If you have particle coordinates generated from an external tool (e.g., a neural network, template matcher, Dynamo, EMAN2, etc.), you can programmatically write them into a Copick project using the Copick Python API.

from scipy.spatial.transform import Rotation as R
import copick, starfile
import numpy as np

# Load copick project
root = copick.from_file('config.json')

# Load starfile with coordinates
df = starfile.read('particles.star')
nPoints = df.shape[0]
cx, cy, cz = df['coordX'], df['coordY'], df['coordZ']

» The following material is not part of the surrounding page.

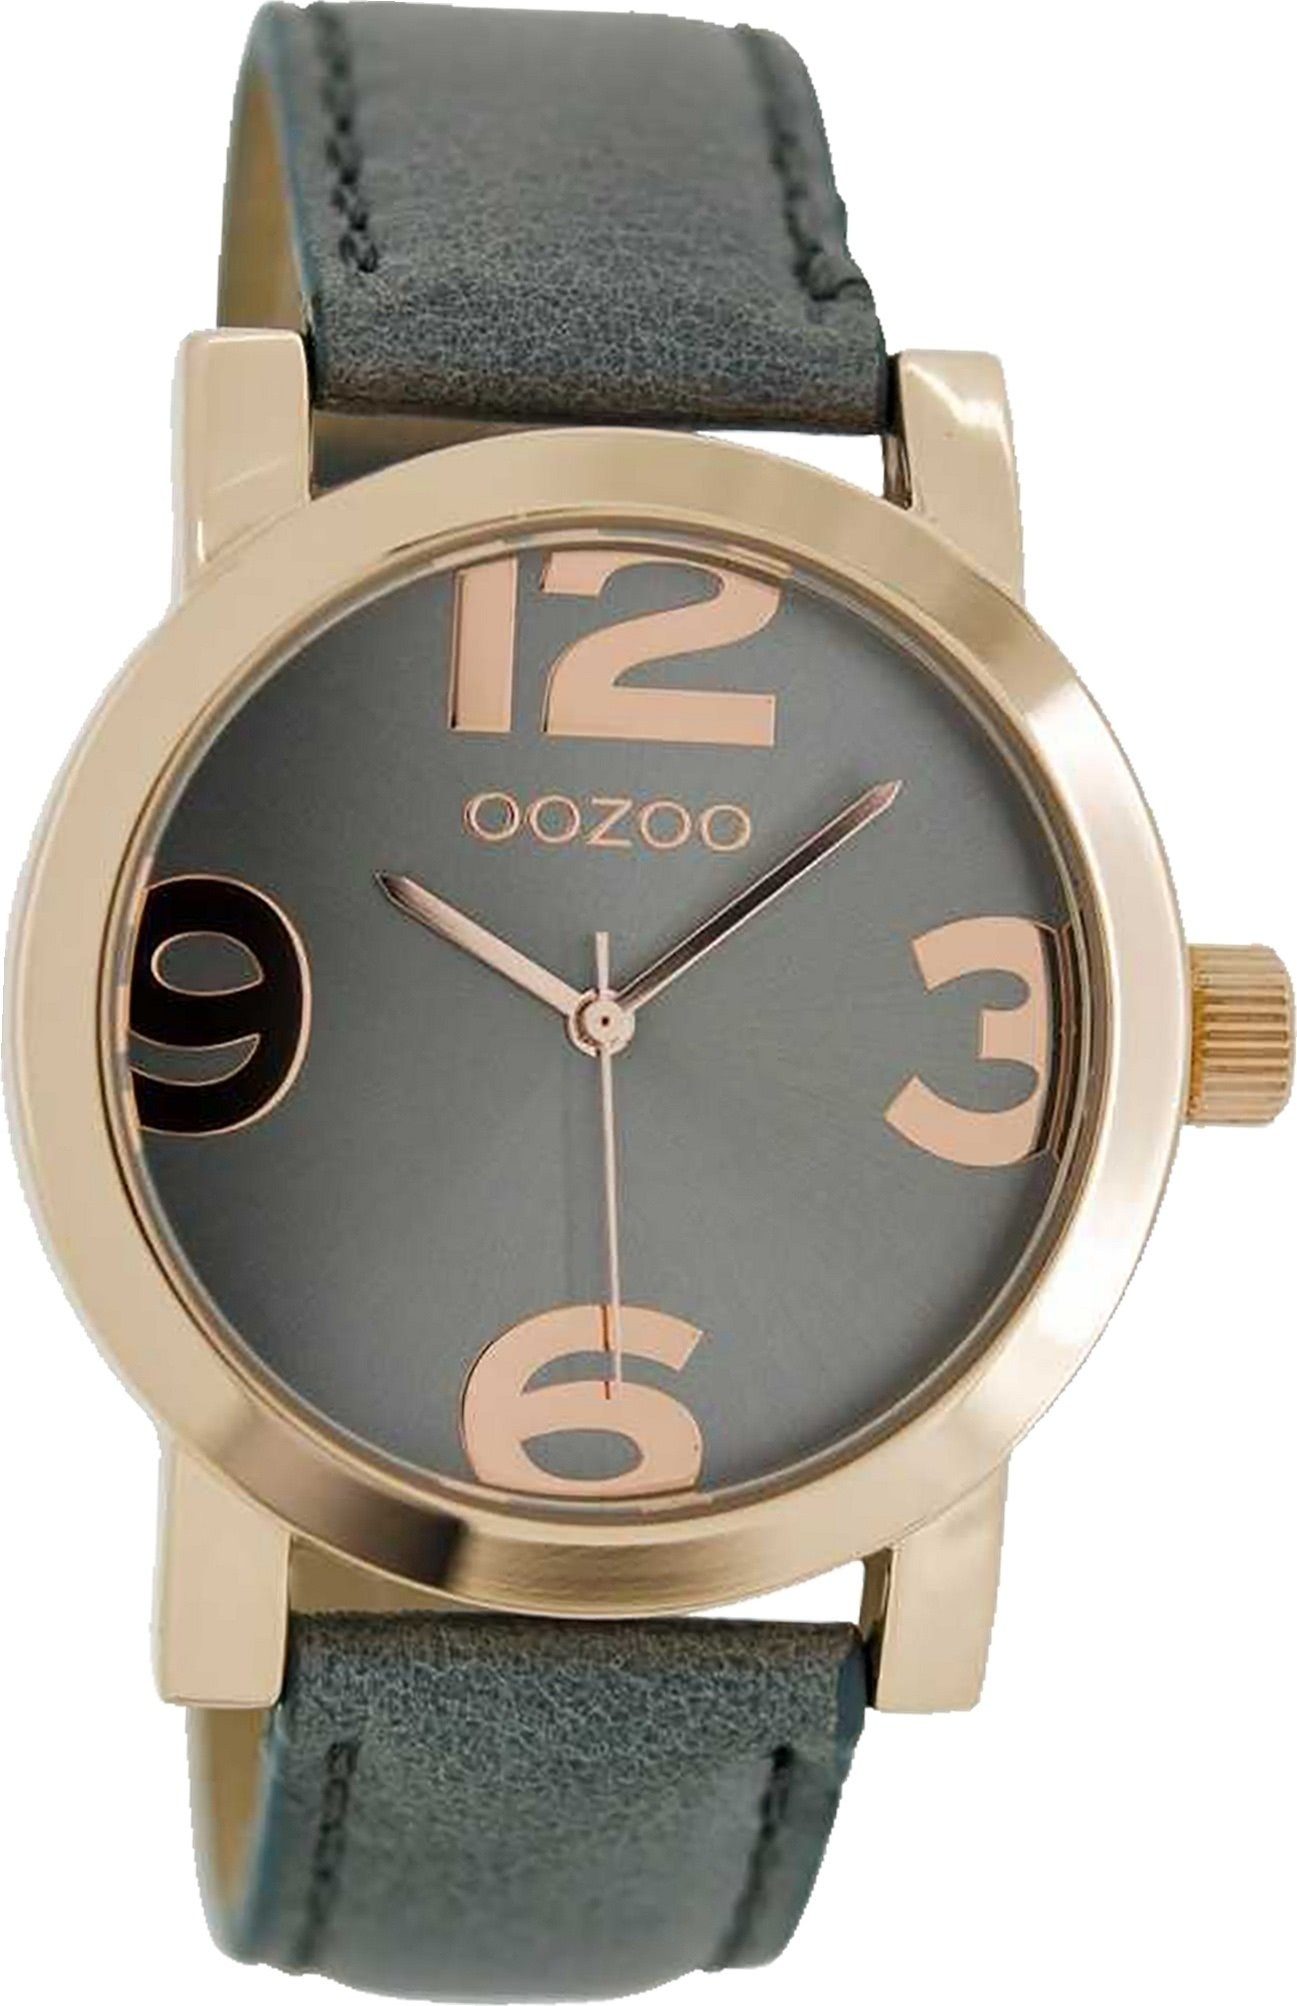 OOZOO Quarzuhr Oozoo Quarz-Uhr Damen rose Timepieces, Damenuhr Lederarmband grau, rundes Gehäuse, groß (ca. 40mm)

# (Optional) Convert Relion Euler Angles to Rotation Matrices
eulers = np.stack(df['rot'], df['tilt'], df['psi'])
rot = R.from_euler('ZYZ', eulers, degrees=True)
mats = rot.inv().as_matrix() # (N, 3, 3)

orientations = np.zeros((n,4,4))
orientations[:,:3,:3] = mats 

# if no orientations are available, instead set matrix to identity
# orientations[:,:3,:3] = np.identity(3)

orientations[:,3,3] = 1

# Create a Pick Entry 
run = root.get_run('Position_10_1')
pick = run.get_picks(
    object_name = 'ribosome', 
    user_id='method', session_id='1',
    exist_ok = True
)
picks.from_numpy(points, orientations)

Once written to Copick, you can generate a RELION5-compatible STAR file with:

py2rely prepare particles --config copick_config.json ...

After this step, the coordinates can be used in the full sub-tomogram averaging pipeline.

Merge particles from different picking methods, sessions, or manual annotations.

py2rely prepare combine-particles \
    --input input/session1_particles.star \
    --input input/session2_particles.star \
    --input input/manual_picks.star \
    --output input/all_particles.star

Common Scenarios

  • Merge automated + manual picks (derived from different copick sessionIDs, userIDs)
  • Multiple experimental sessions

Use ground-truth particle coordinates from the CryoET ML Challenge dataset described in:

Peck, A. et al., Nature Methods (2025)
https://www.nature.com/articles/s41592-025-02800-5

The coordinates are hosted on the CryoET Data Portal and can be accessed via a Copick configuration file.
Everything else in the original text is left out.